Observe that this is the same guarantee of the Nesterov’s algorithm above. So, again, we need ${\frac{L^2}{2 T \epsilon}\|{\boldsymbol x}_0-{\boldsymbol x}^\star\|^2\leq \epsilon/2}$ that is ${T\geq \frac{L^2 \|{\boldsymbol x}_0-{\boldsymbol x}^\star\|^2}{\epsilon^2}}$ .

I hope you see it now: Both Nesterov’s algorithm and the dumb procedure above are not parameter-free. Both procedures sooner or later have ${\epsilon}$ -suboptimality, but both require knowledge of the unknown characteristics of ${f}$ to decide when to optimally stop. If you do not have the required knowledge, either you stop too soon and cannot guarantee anything or you might stop too late and the complexity bound becomes false.

While you are still thinking about the above proof, let me also present the second piece of evidence. That is, how is it possible that Nesterov called “universal” an algorithm that still requires knowledge of unknown quantities? It turns out that Nesterov had in mind the constrained and bounded setting. This is clear from the stopping condition that he proposes:

Here, you can see that you can implement this stopping condition only when the feasible set has a bounded diameter, or you have some knowledge about the function. However, it is worth noting that in that case the algorithm stops in the worst case with a number of iterations that is ${O(\frac{D^2 L^2}{\epsilon^2})}$ rather than ${O(\frac{\|{\boldsymbol x}_0-{\boldsymbol x}^\star\|^2 L^2}{\epsilon^2})}$ , where ${D}$ is the diameter of the set, and the ratio between the two can be arbitrarily large.
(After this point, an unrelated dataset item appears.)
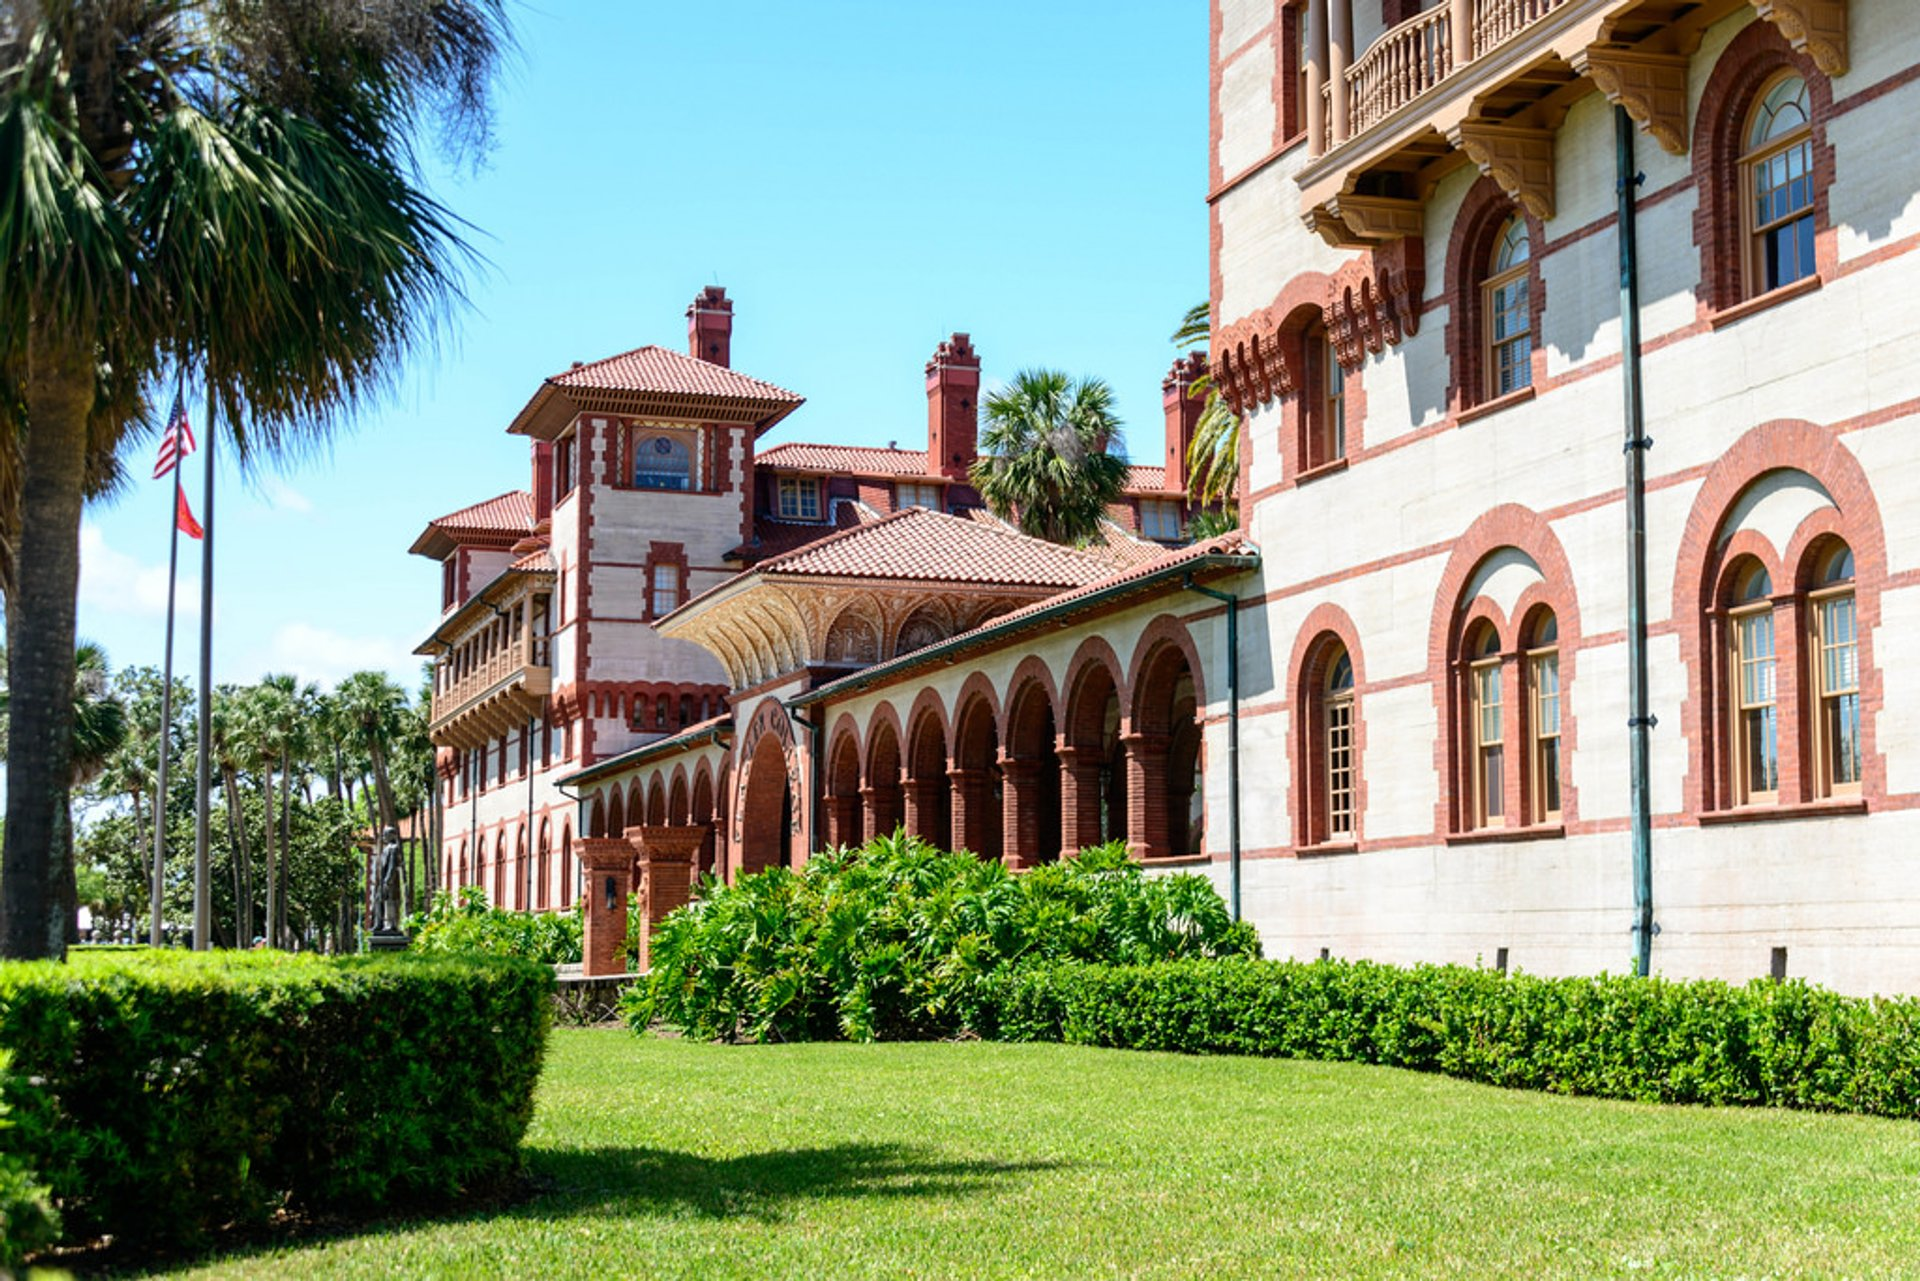 Ponce de Leon Hotel (Flagler College) in Florida - Best Season 2020

2. Could we Tune ${\epsilon}$ ?

There might be still skeptical people, so let’s try to see if we can fix Nesterov’s algorithm. Let’s start from its guarantee:

$\displaystyle f({\boldsymbol x}_T)-f({\boldsymbol x}^\star) \leq \frac{L^2}{2 T \epsilon}\|{\boldsymbol x}_0-{\boldsymbol x}^\star\|^2+ \frac{\epsilon}{2},$

where ${\epsilon}$ is a parameter of the algorithm.

An idea one might have is to say that I have a budget of ${T}$ iterations and I want to set ${\epsilon}$ such that the rate is optimal in ${T}$ , ${L}$ , and ${\|{\boldsymbol x}_0-{\boldsymbol x}_\star\|}$ . Maybe in this way we can go around the problem. So, one reasonable setting is ${\epsilon=\frac{\alpha}{\sqrt{T}}}$ that gives us

$\displaystyle f({\boldsymbol x}_T)-f({\boldsymbol x}^\star) \leq \frac{1}{\sqrt{T}}\left(\frac{L^2 \|{\boldsymbol x}_0-{\boldsymbol x}^\star\|^2}{2 \alpha} + \frac{\alpha}{2}\right)~.$

This is optimal in ${T}$ , but now we have the problem of choosing ${\alpha}$ without knowing anything. We could actually design an algorithm optimal in ${L}$ (very very easy, see this blog post), but being optimal in ${\|{\boldsymbol x}_0-{\boldsymbol x}^\star\|}$ is a completely different beast. In fact, let me remind you that this is non-smooth optimization, so you have zero information from the subgradient alone on how far you are from the optimum (think about the subgradients of ${f(x)=|x-10|}$ ).

3. Is There any Fix at All?

As I see it, the issue above is due to the fact that we are hiding the required knowledge inside the stopping condition. Pretty sneaky if you ask me!

The presence of ${\epsilon}$ is also an issue: If you construct an optimization algorithm that requires the desired suboptimality ${\epsilon}$ , then it is very likely that you will need a stopping criterion. In turn, stopping criteria are a very complex business in the unconstrained non-smooth setting.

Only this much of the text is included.